Tuesday, January 13, 2015

Confessions from a recovering racist…

I remember it like it was yesterday.  April 4, 1968—a chilly spring evening in Austin, Texas where I was attending a Christian university as a freshman.  It was also the day Martin Luther King, Jr. lost his life.  Lost it for being courageous. Lost it for wanting things to change. Lost it for daring to expose a major flaw in the American dream. 

You see, his dream was different. He actually believed what our forefathers had written almost two centuries before was true.  All are created equal.  All persons—every living, breathing soul.   And at his core, Dr. King knew that the words to an old familiar hymn were also true: 

Jesus loves the little children
All the children of the world 
Red and yellow, black and white, 
they are precious in His sight 
Jesus loves the little children of the world

To Martin’s enemies, the only problem with his thinking was that Jesus didn’t love them equally. Or maybe they were content to think “We ain’t Jesus.” Whatever their reason, he died that day for the crime of wanting a different reality, a new way of living, an American dream focused more on life and liberty that merely the pursuit of (one’s own) happiness.

And as much as I deplore this fact, do you know what my first reaction was to this man’s death, tucked safely, as I was, in the confines of that small religious institution?  “WHAT A RELIEF. Thank God someone killed that ‘movement’. Now maybe we can get back to some normalcy.”  Oh, don’t get me wrong.  I would never applaud someone’s cold-blooded murder, in and of itself.  But if one has do die to allow the rest of us to live in relative peace, then so be it.  I was ignorant. I was a bigot in sheep’s clothing. But I was not alone.

Dr. King himself knew all too well that he was swimming upstream, going against the grain, perhaps fighting a losing battle. Pick your metaphor, but perhaps the most painful resistance came from his brothers in the clergy, some of whom urged him to stop upsetting the apple cart.  Many, perhaps in their own weariness, had adopted a “go along to get along” philosophy long ago.  Five years prior to his death, Martin wrote these words from a Birmingham jail to this very fraternity:

“I came across your recent statement calling my present activities "unwise and untimely." Seldom do I pause to answer criticism of my work and ideas. Since I feel that you are men of genuine good will and that your criticisms are sincerely set forth, I want to try to answer your statement in what I hope will be patient and reasonable terms.

“… I am in Birmingham because injustice is here. Just as the prophets of the eighth century B.C. left their villages and carried their "thus saith the Lord" far beyond the boundaries of their home towns, and just as the Apostle Paul left his village of Tarsus and carried the gospel of Jesus Christ to the far corners of the Greco Roman world, so am I compelled to carry the gospel of freedom beyond my own home town. Like Paul, I must constantly respond to the Macedonian call for aid.

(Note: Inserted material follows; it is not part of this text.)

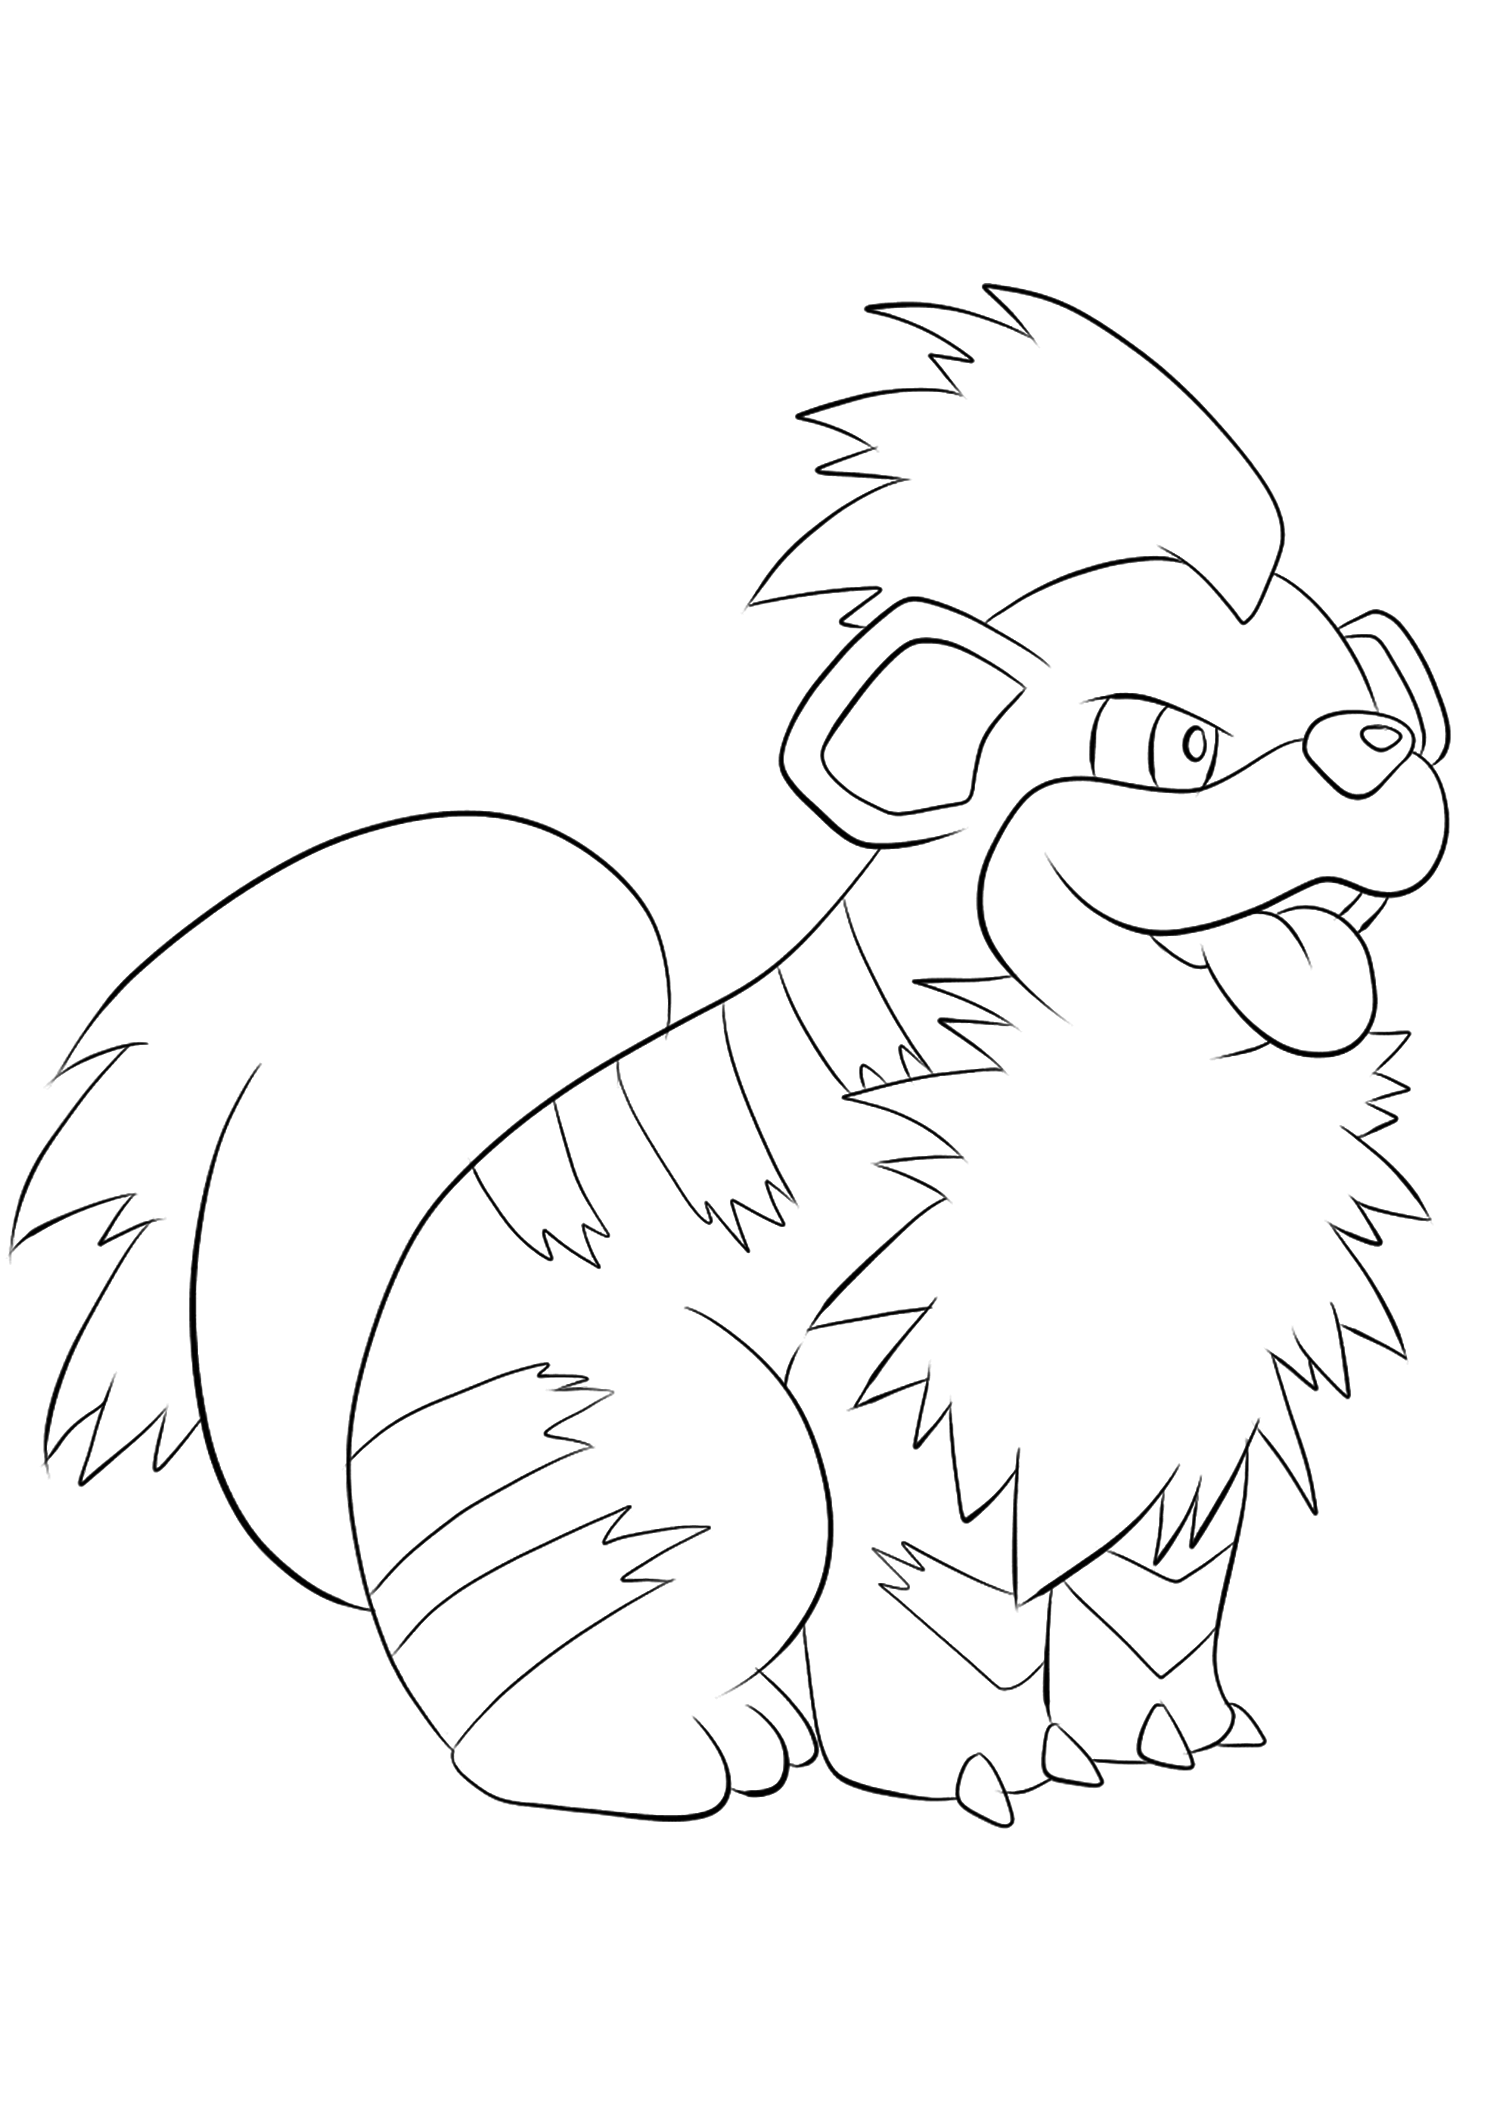 Growlithe No.58 Pokemon Generation I All Pokemon coloring pages

“Moreover, I am cognizant of the interrelatedness of all communities and states. I cannot sit idly by in Atlanta and not be concerned about what happens in Birmingham. Injustice anywhere is a threat to justice everywhere. We are caught in an inescapable network of mutuality, tied in a single garment of destiny. Whatever affects one directly, affects all indirectly. Never again can we afford to live with the narrow, provincial "outside agitator" idea. Anyone who lives inside the United States can never be considered an outsider anywhere within its bounds.”

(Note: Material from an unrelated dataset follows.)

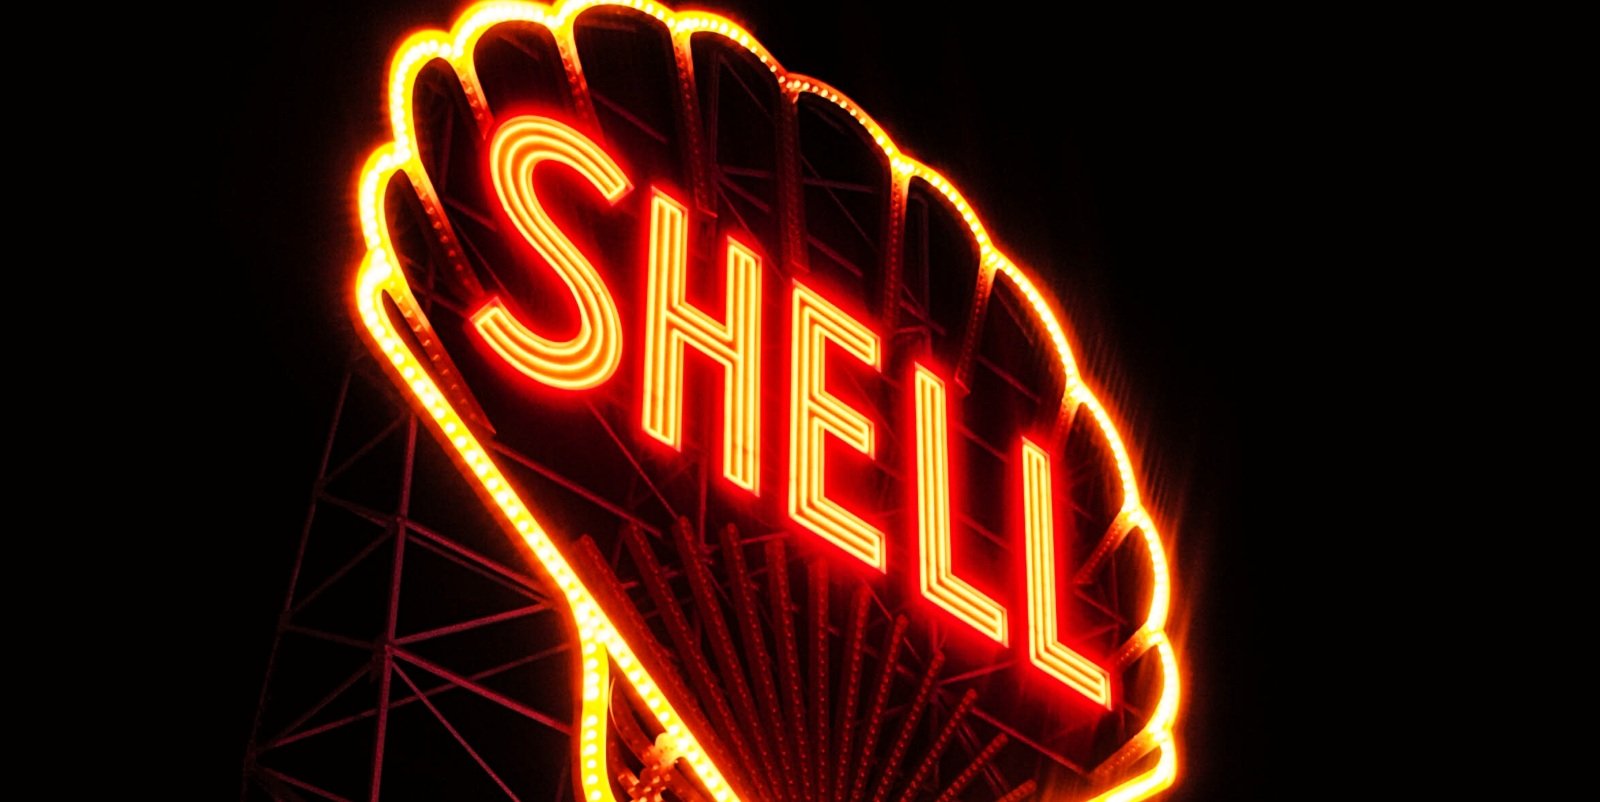 Energy giant Shell discloses data breach after Accellion hack

How profound were his insights, not only for the issues of his day, but for what we, as Americans, face today. Martin Luther King, like all true followers of Christ, sought to be an extremist for love, for justice, and for peace.  His faith, propelled by the saving grace of Christ in his life, would not allow him to stand idly by as others suffered at the hand of the other extremists—those promoting ignorance and hate, separation and conformity. 

Today, we face a similar challenge.  While the presenting issue for Dr. King was the national cancer of racism, his fundamental issue was the tyranny of lovelessness. If King were alive today, I don’t think he would be limiting his marches to matters of race.  True, racism exists in many, if subtler, forms today, but lovelessness also manifests itself in our public discourse on topics ranging from political preferences to individual rights, religion, and community values.  It is exposed in our growing inability to disagree with one another agreeably. And at its ugliest, it has reared its head in the form of Islamic extremism, an ideology which seeks to annihilate every person and belief system counter to its own.

To all of this, I believe Martin would say, rise up, Church!  Rise up, people of God.  Oppose injustice at every level, whether it affects you directly or not.  Don’t let your silence be deafening.  As Edmund Burke once wrote, “The only thing necessary for the triumph of evil is for good [people] to do nothing.

My original title for this article was “Confessions of a former racist.”  As I examine my heart each day, reacting to the struggles of people unlike me culturally, ethnically or otherwise, I realize I am still a work in progress.  But what I do know is that I am changing.  Christ is changing me. And today, I don’t see change in itself as a threatening thing.  It’s what we are becoming that really matters.  But it starts with a dream.